Reno, June 22
The drive is a familiar one: down 101 to Novato, across the Black Point cutoff past Mare Island, onto highway 80 at the improbable roller-coaster garden, through the Vacaville hills and into the central valley.
How it's changed in the last fifty years and more. When I was a kid the Black Point cutoff was something out of Dante, a narrow road through heavy fogs, chasms real or, worse, imagined on each side. You only took that way if the ferries were out of commission, because of a late hour, or heavy seas on the Bay, or perhaps, who knows, some kind of labor issue.
Now the road's uneventful. Everyone drives at the same speed, of course, since there's only one lane in each direction: but everyone is now able to drive at the same speed, whether through the cruise-control or, less likely, attentive competence. The cars don't break down; you never see anyone pulled over onto the shoulder: it's just drive, listen to another CD, answer the phone, drive; and then you come to the amazing humpback bridge past Mare Island, and stay these days on a multi-lane freeway across the canyon toward Six Flags or whatever it is, and you're out of the Bay Area and into the Valley.

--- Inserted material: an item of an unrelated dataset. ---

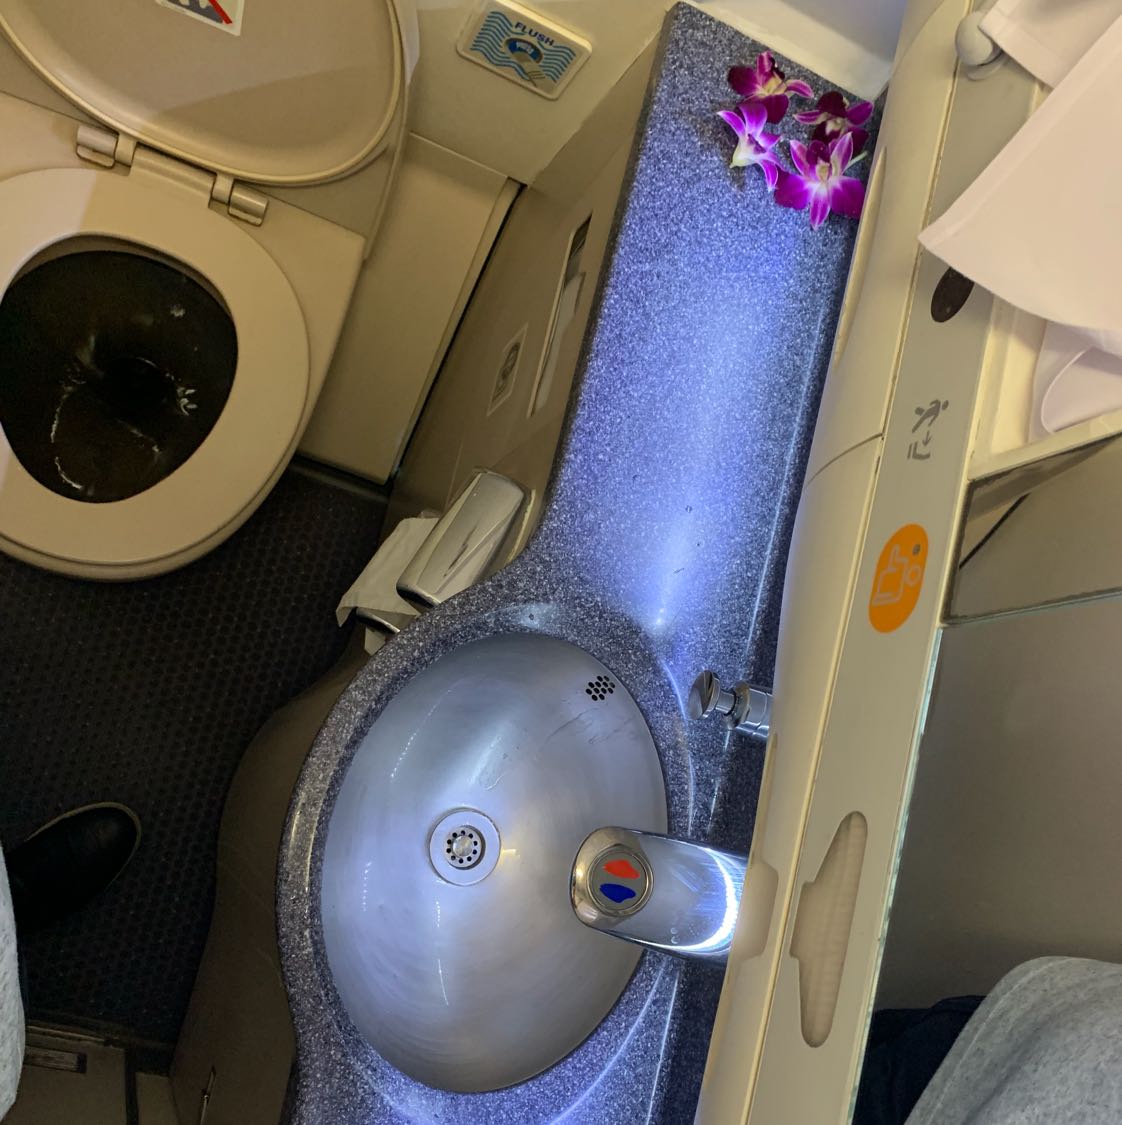 Pernah lihat toilet di dalam pesawat terbang? Ya, seperti itulah sempitnya. Memanfaatkan setiap sudut ruang agar bermanfaat maksimal.

One hundred six outside the car, says the thermometer on the dashboard, but we're hungry, it's past one o'clock, so I pull off the road into Davis and stop at the park, two or three blocks north, two or three blocks west. One parking bay is shaded, and there's a concrete picnic-table and -benches in the shade; and afterward we walk across the park to Ciocolat (301 B Street, 753-3088), a fine place for an iced mocha at a table on the deck.
From home to Reno is 250 miles, five hours not counting the Davis stop (but including time wasted in Santa Rosa, driving to and from the AAA office to pick up some maps). Finding the motel was easy: Lindsey picked the cheapest one in the AAA Tourguide, a Travelodge on West Fourth Street -- forty-four dollars for us and two grandchildren, who made friends quickly with other kids in the pool while I got the e-mail on the free wi-fi that doesn't work in the room but comes in okay on the parking lot.
While online I look for a restaurant. Zagat has nothing in Nevada north of Las Vegas, it seems. We find some other webpages, though, and reading between the lines, and making allowances for local enthusiasms, we settle on the 4th Street Bistro. Good thing we do: the place is genuinely good. There is a place to eat east of the Waterboy in Sacramento: I would not have believed it.
I have a nice Greek salad with boquerones, those sweet little Spanish anchovies innocent of salt and olive oil; and afterward a truly inspired plate of lamb noisettes, grilled, touched with lavender-scented salt, and set about a mound of pureed cannelini, with a mint-based "pesto" and tracings of harissa sauce -- not Italian, not Sard, not Provencal, not North African, but beautifully balanced, integrated, fully arrived; a thing I'll happily order every time I'm in this town.
The hostess looks at us appraisingly as she brings something or other: Aren't you Lindsey, she says; and Lindsey admits she is. Natalie the executive chef comes out with Lindsey's book, for a second inscription -- for Natalie did an internship at Chez Panisse back in the late 'eighties, before cooking stints at Stars and Bix, and then opening this place of her own in Reno six years ago.
4th St. Bistro is, in short, a Bay Area restaurant in Reno, the only slow food-like place, she says, in the entire state of Nevada. She's working with local farmers and purveyors, moving the Waters revolution into the Basin & Range, and to judge by tonight's dinner with both authenticity and real polish.
We have dessert, of course: pot de creme, apricot upside-down cake, semifreddo, and -- my choice -- a clafoutis that's just the ticket, the thin batter, the cherries, the sugar crystals --
We're on our way to Santa Fe, if you don't mind a little rhyming. Tomorrow we cut across Nevada on the old highway 50. I'm not sure where we'll eat tomorrow night. But even if it's a total wash-out we'll have the memory of tonight's dinner, better by far than anything I'd have looked for along this part of the road.